I worry that it’s easy to read the list below as saying that this narrow slice, all clustered in one portion of the neighborhood, is a very big slice of the space of possible ways an AGI group may have to burn down its lead.

This is one of my models for how people wind up with really weird pictures of MIRI beliefs. I generate three examples that are clustered together because I'm bad at generating varied examples on the fly, while hoping that people can generalize to see the broader space these are sampled from; then people think I’ve got a fetish for the particular corner of the space spanned by the first few ideas that popped into my head. E.g., they infer that I must have a bunch of other weird beliefs that force reality into that particular corner.

I also worry that the list below doesn’t come with a sufficiently loud disclaimer about how the real issue is earlier and more embarrassing. The real difficulty isn't that you make an AI and find that it's mostly easy to align except that it happens to befall issues b, d, and g.

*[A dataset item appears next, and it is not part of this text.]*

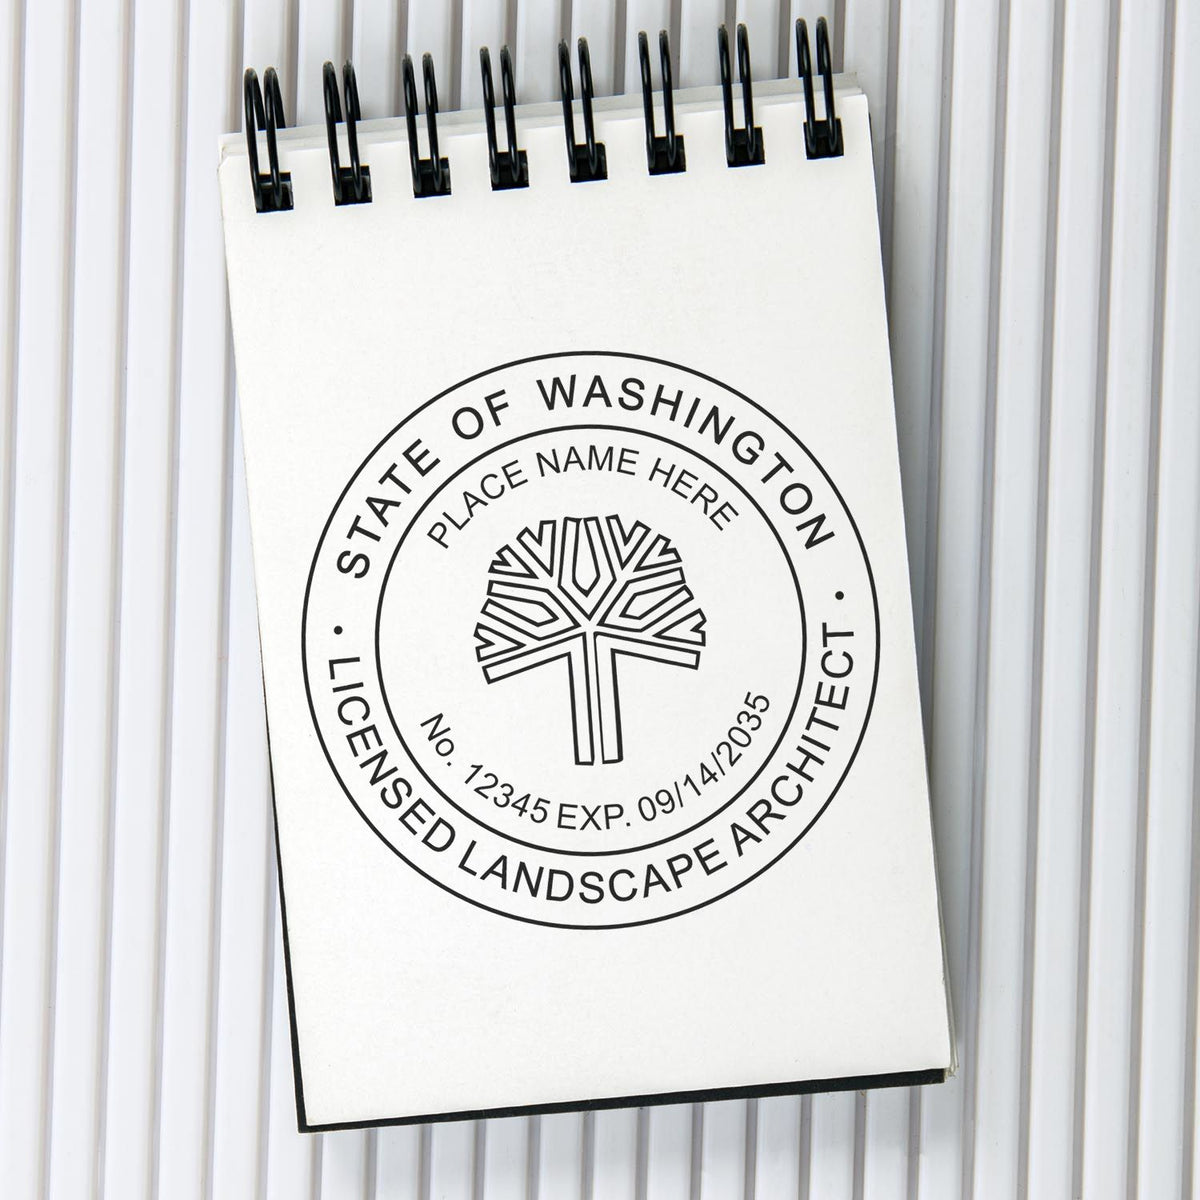 A photograph of the Self-Inking Washington Landscape Architect Stamp stamp impression reveals a vivid, professional image of the on paper.

The thing to expect is more like: you just have this big pile of tensors, and the interpretability tools you've managed to scrounge together give you flashes of visualizations of its shallow thoughts, and the thoughts say “yep, I’m trying to kill all humans”, and you are just utterly helpless to do anything about, because you don't have the sort of mastery of its cognition that you'd need to reach in and fix that and you wouldn't know how to fix it if you did. And you have nothing to train against, except the tool that gives you flashes of visualizations (which would just train fairly directly against interpretability, until it was thinking about how to kill all humans somewhere that you couldn't see).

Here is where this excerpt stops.